Et sur ce point, les organisations doivent encore changer leur mentalité. «Plutôt que de lui compliquer les démarches de résiliation, autant donner au client les bonnes raisons de rester», explique le consultant. Sur le site d'information Mediapart, l'abonnement s'effectue en un clic. Il faut envoyer une lettre pour le service de Pass Location de la Fnac et pour le résilier, et supprimer l'abonnement oblige à payer trois mois de location. Doit-on citer les assurances? Un frein absolu pour certaines personnes. La loi Chatel auparavant, puis la loi Hamon sur la consommation plus récemment ont facilité les démarches de résiliation. Netflix et Auchan également.
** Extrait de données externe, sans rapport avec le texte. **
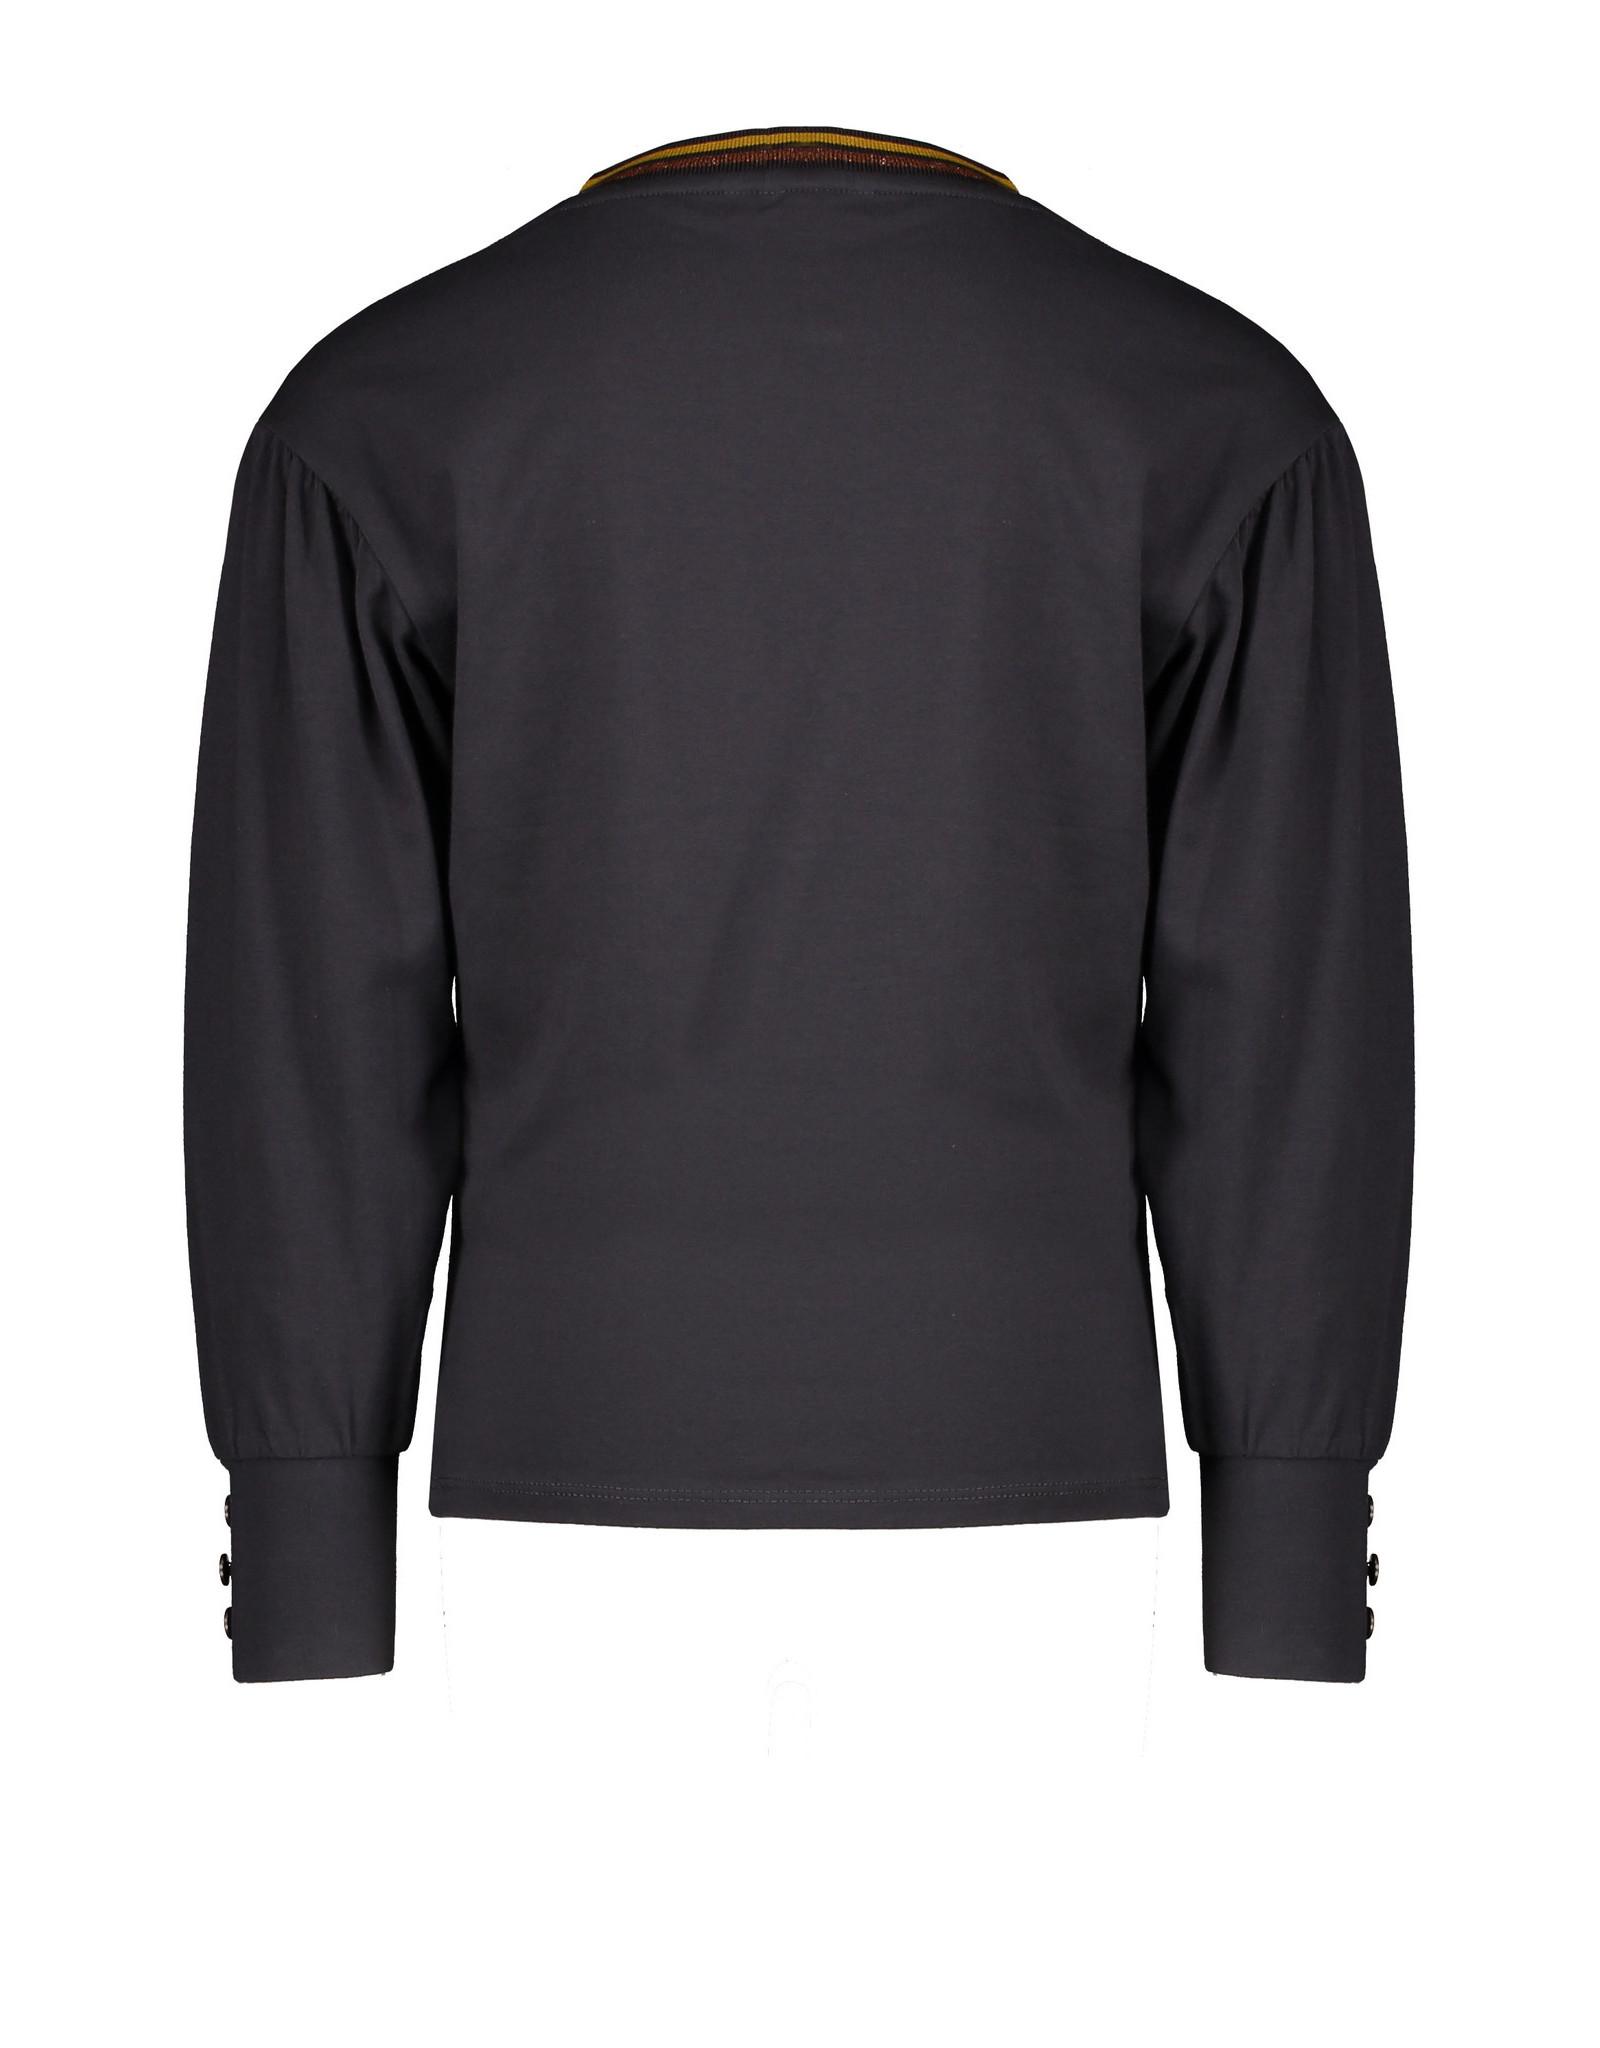 Nono NONO shirt 5405 phantom

Pour leur service, le désengagement se fait en un clic. «Suspendre, prolonger, modifier son abonnement simplement. Voilà les solutions qu'il faut mettre en place», conseille Philippe Van Hove. Une nouvelle manière de penser pour les entreprises, pour qui les systèmes de facturation n'étaient pas orientées consommateurs, mais découlaient des problématiques logistiques qui leur étaient propres.

 

Philippe Van Hove, directeur Europe du Sud pour Zuora :

«Le paiement à l'usage pose une question au niveau de la gestion des données»

 

 

Existe-t-il des contraintes techniques à la mise en place de la consommation par abonnement?

Philippe Van Hove. Mettre en place un nouveau système de consommation où le client contrôle ses usages pose un problème de gestion des données. Suivre les flux logistiques et la facturation sont beaucoup plus complexes à mettre en œuvre. La facturation, par exemple, doit se faire par mois, par trimestre ou même de façon totalement personnalisée. Elle doit prendre en compte tous les supports sur lesquels la commande a été faite. Le prix lui-même devient personnalisé. Cela demande une très grande réactivité.
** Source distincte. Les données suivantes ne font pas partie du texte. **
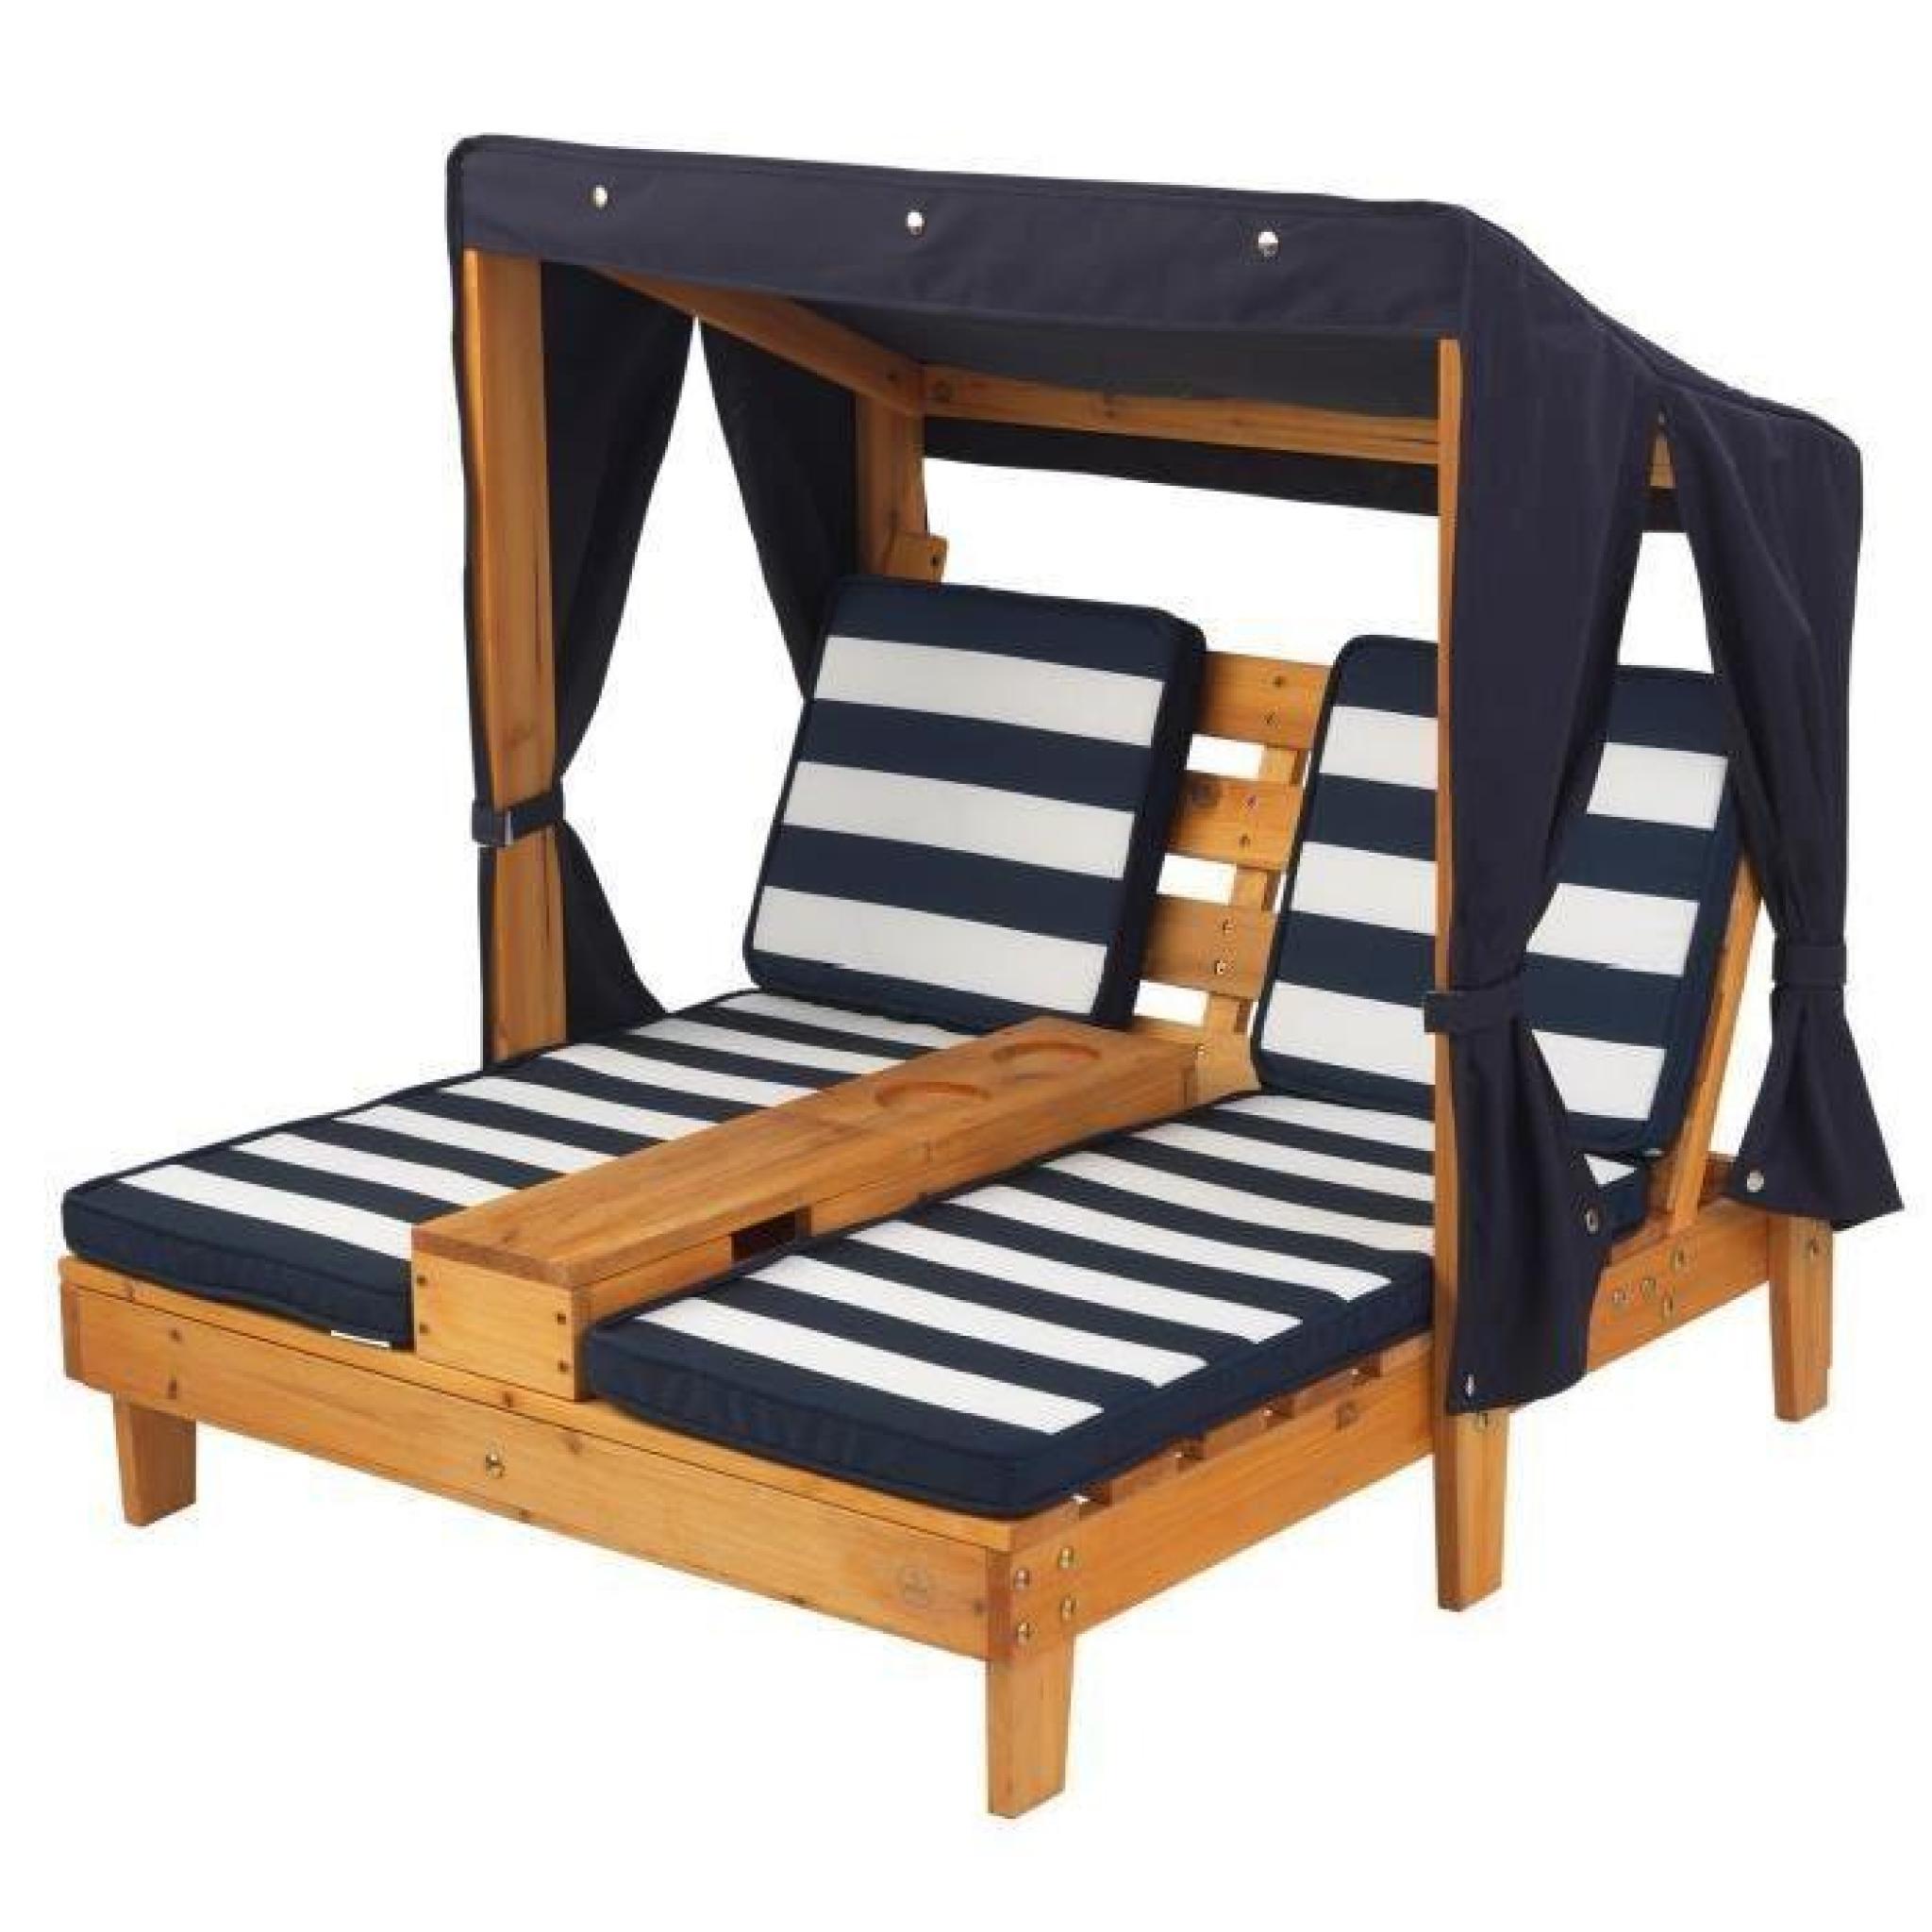 KIDKRAFT Double Chaise Longue Avec Porte Gobelets Pas Cher

En quoi est-ce une contrainte par rapport à ce qui se faisait avant?

P.V.H. Adaptés aux grosses industries manufacturières et orientés fabricants, les logiciels de gestion informatique, comme Oracle ou SAP, sont très lourds à mettre en place. Ils sont aussi très chers, pouvant atteindre plusieurs dizaines de millions d'euros. Avec la consommation à l'usage, nous ne sommes plus dans le modèle classique, mais orientés consommateurs. Créée en 2007, Zuora fonctionne aussi par abonnement, en mode Saas (Software as a service), c'est-à-dire que notre logiciel est en ligne et que les entreprises n'ont qu'à se connecter sur les serveurs pour l'utiliser.